The third person to stay sufficiently bothered about this problem so as to go to the extent of  writing a significant paper on it, seems to have been Prof. Mukhtarbay Otelbayev of Kazakhstan [^].

The first guy to venture discussing Otelbayev’s solution on the Mathematics StackExchange forum, chose to do so anonymously [^]. There must be something about the character of this problem that makes even people from Berlin, Germany, behave this way—writing anonymously—even on the Mathematics part of the StackExchange forum. Indeed, the question to strike this “Unknown” Berlin-based guy wasn’t the correctness or otherwise of Otelbayev’s solution; it was: Did Otelbayev solve the same problem as was posed by the Clay Institute? [^].

There were other follow-up discussions, but soon enough [within a month, of course] the author admitted that there was a mistake in his proof. The ‘net discussion on his proposal is still available [^]. [Professor Otelbayev is not an American.]

To my utter and great surprise, I also found (during an Internet search right this week) that in the meanwhile, there also has been none other than Terry Tao himself jumping into the frey issue. (No one calls him Professor Terence Tao. That’s exactly like how very, very few people, if any one, anywhere, ever, calls Prof. Aaronson by his last name and/or profession.)

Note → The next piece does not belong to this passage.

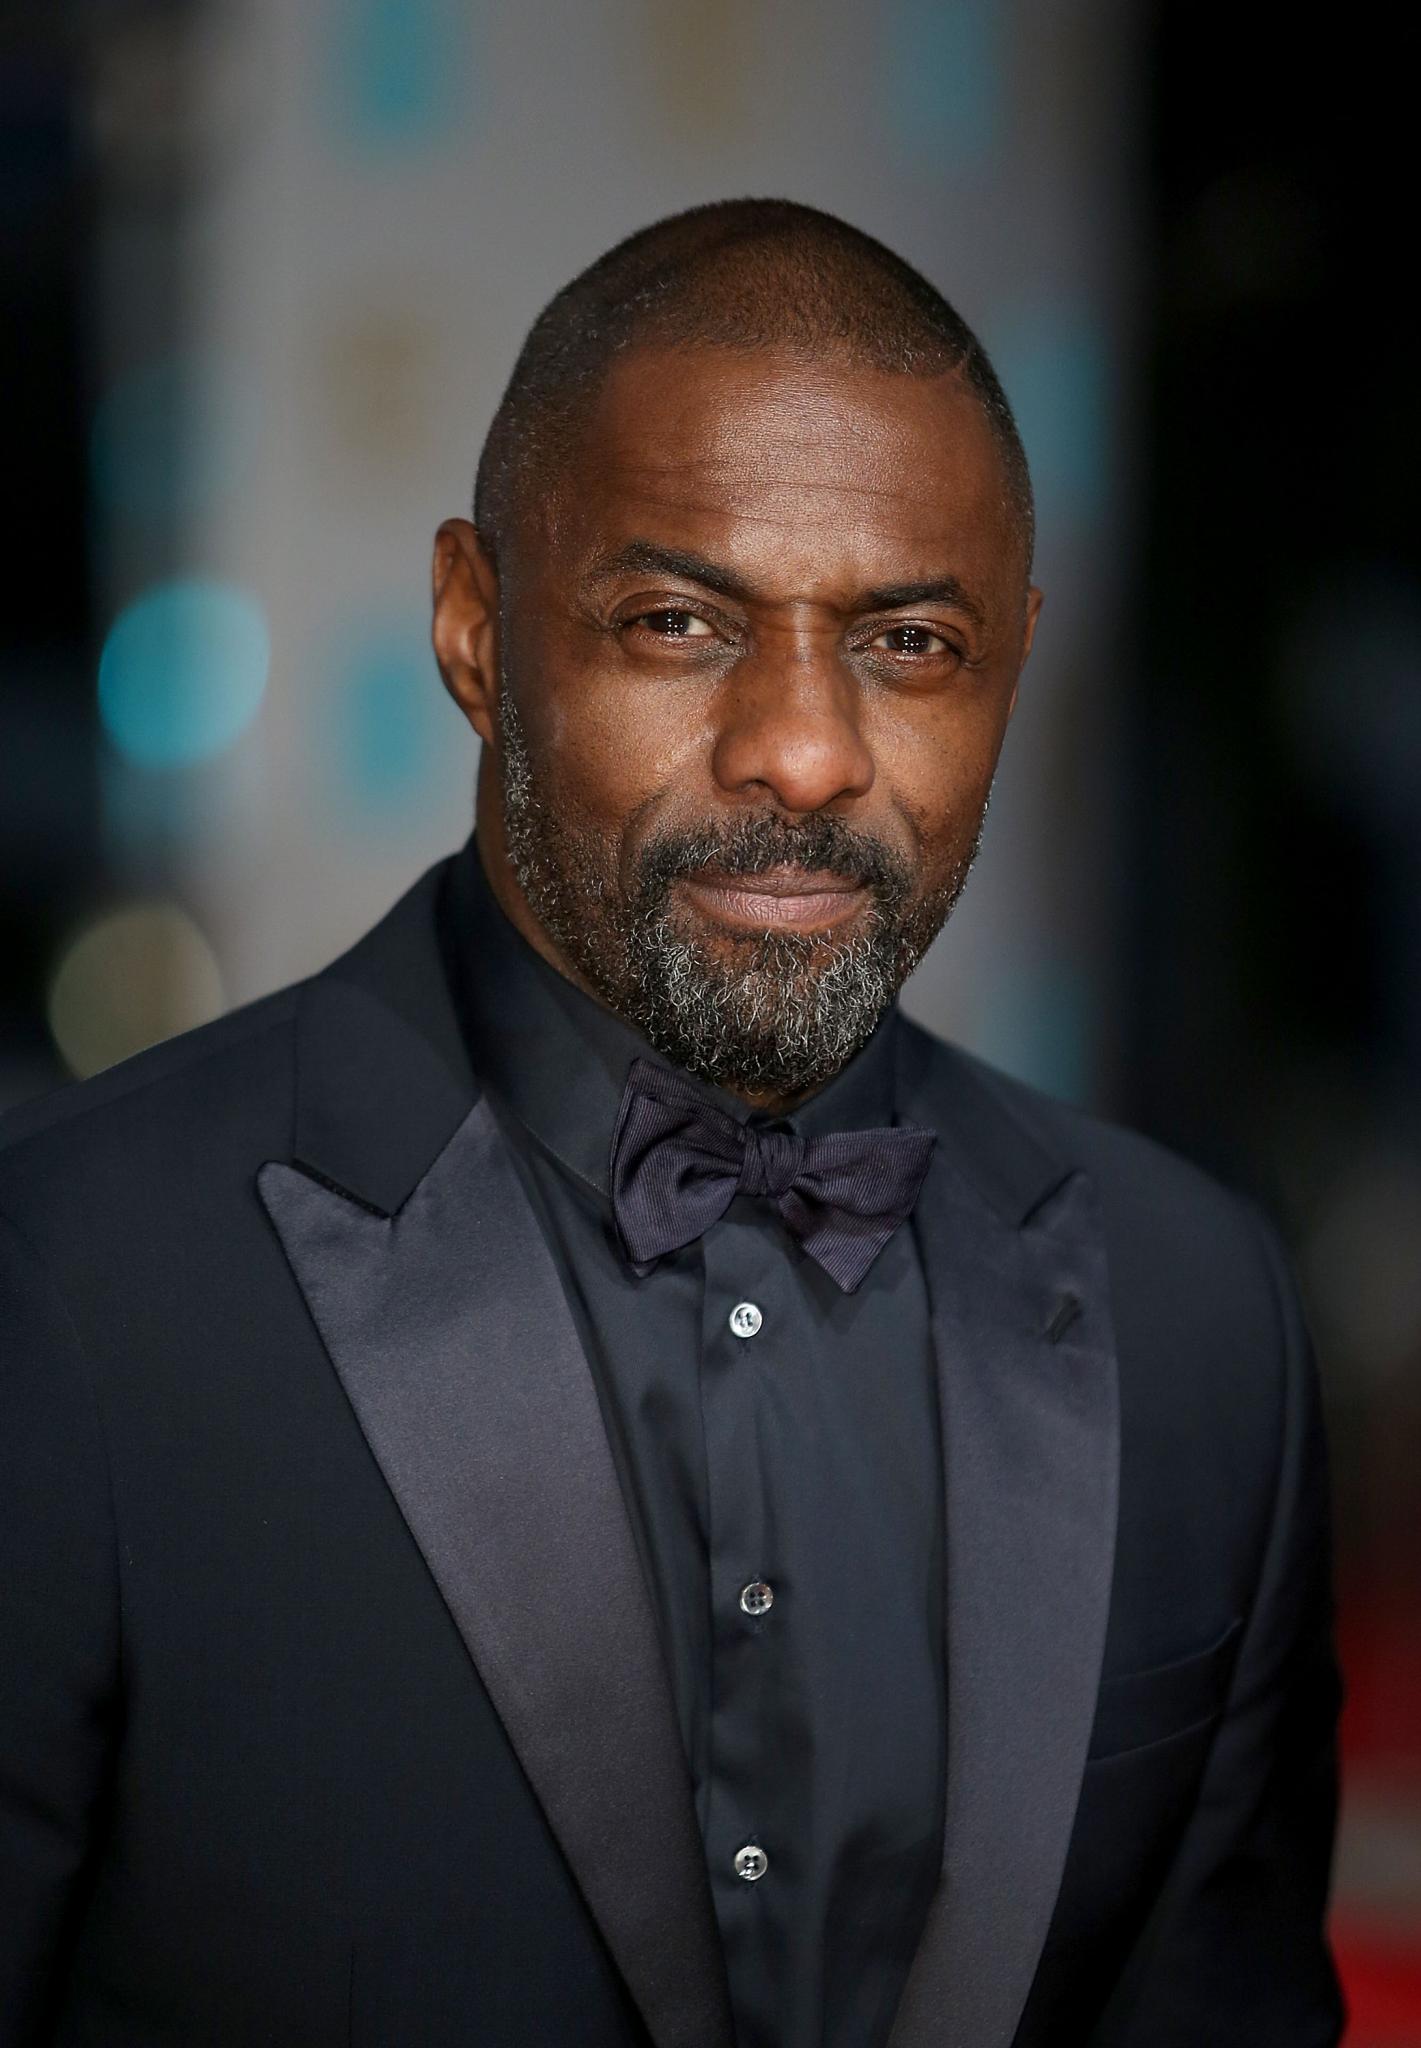 Will Idris Elba Ever Play James Bond?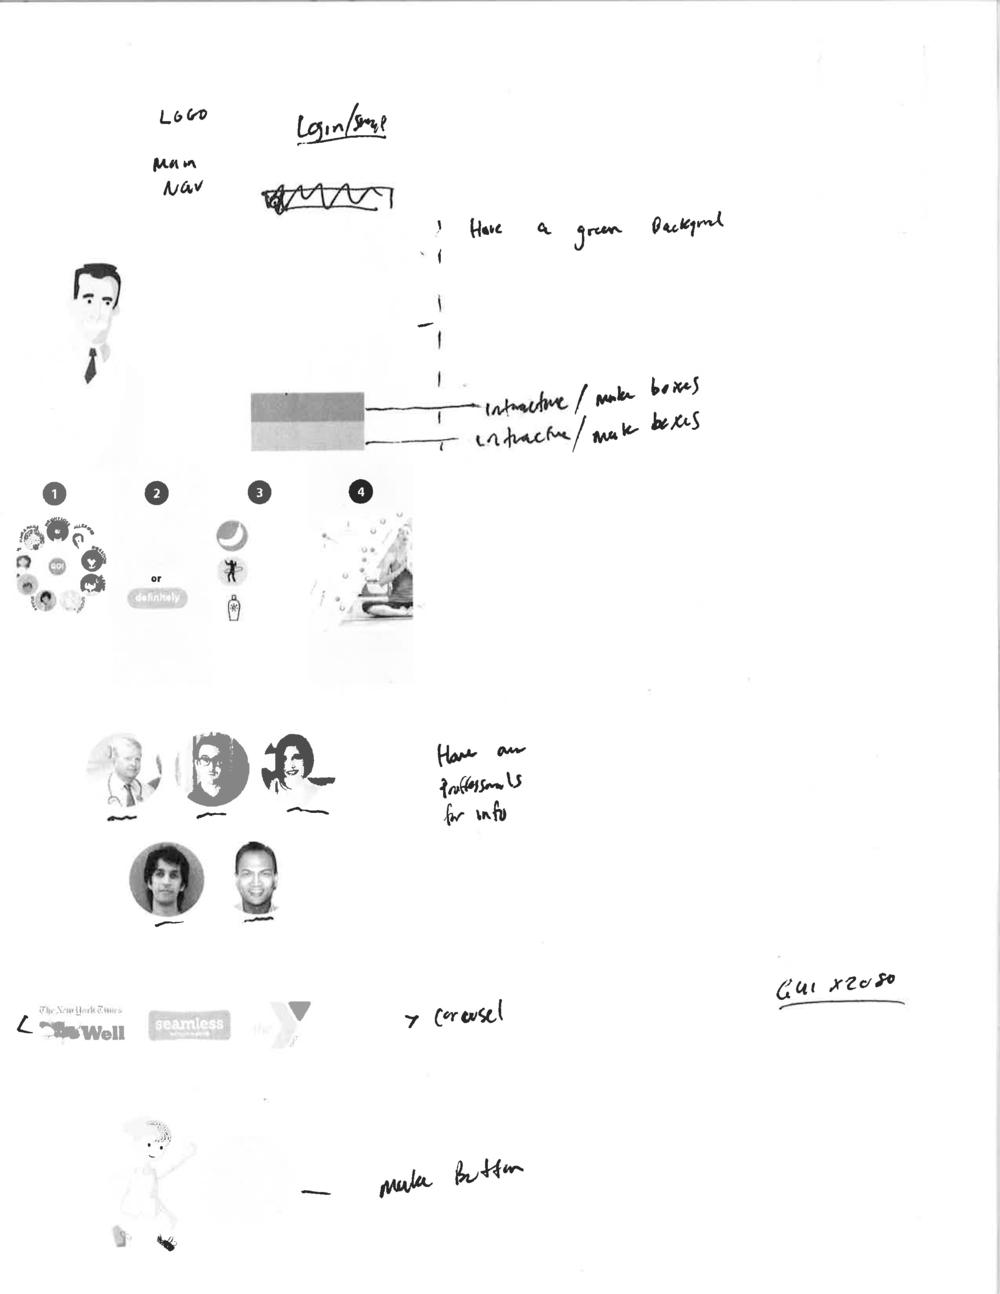 responsive-design-10.png

My surprise was not entirely baseless. Terry Tao is a Fields medallist [^]. It was plain inconceivable that someone who already is a Fields medallist, would directly take on a(ny) million [American-] dollar problem.

That, indeed, turns out to have been the actual case. Terry Tao didn’t directly tackle the Clay Maths problem itself. See the Simons Foundation’s original coverage here [^], or the San Francisco-based Scientific American’s copy-paste job, here [^]. What Terry instead did is to pose a similar, and related, problem, and then solved it [^].

The “Unknown” Berlin-er mentioned above, was absolutely on the right track. It’s one thing to pose a problem. It’s another thing to pose it well.

That’s the light in which you might want to examine both the Clay Institute’s formulation of the problem and Tao’s recent efforts concerning it.  Realize, Terry didn’t solve the original problem. He solved another, well-posed, problem. And, as to the well-posed-ness of the original Clay Maths problem, there has been another notable effort.

Challenging the well posed-ness of the Clay Maths NS problem seems to have been the track adopted by Prof. Claes Johnson [^] for quite some time by now—several years or so.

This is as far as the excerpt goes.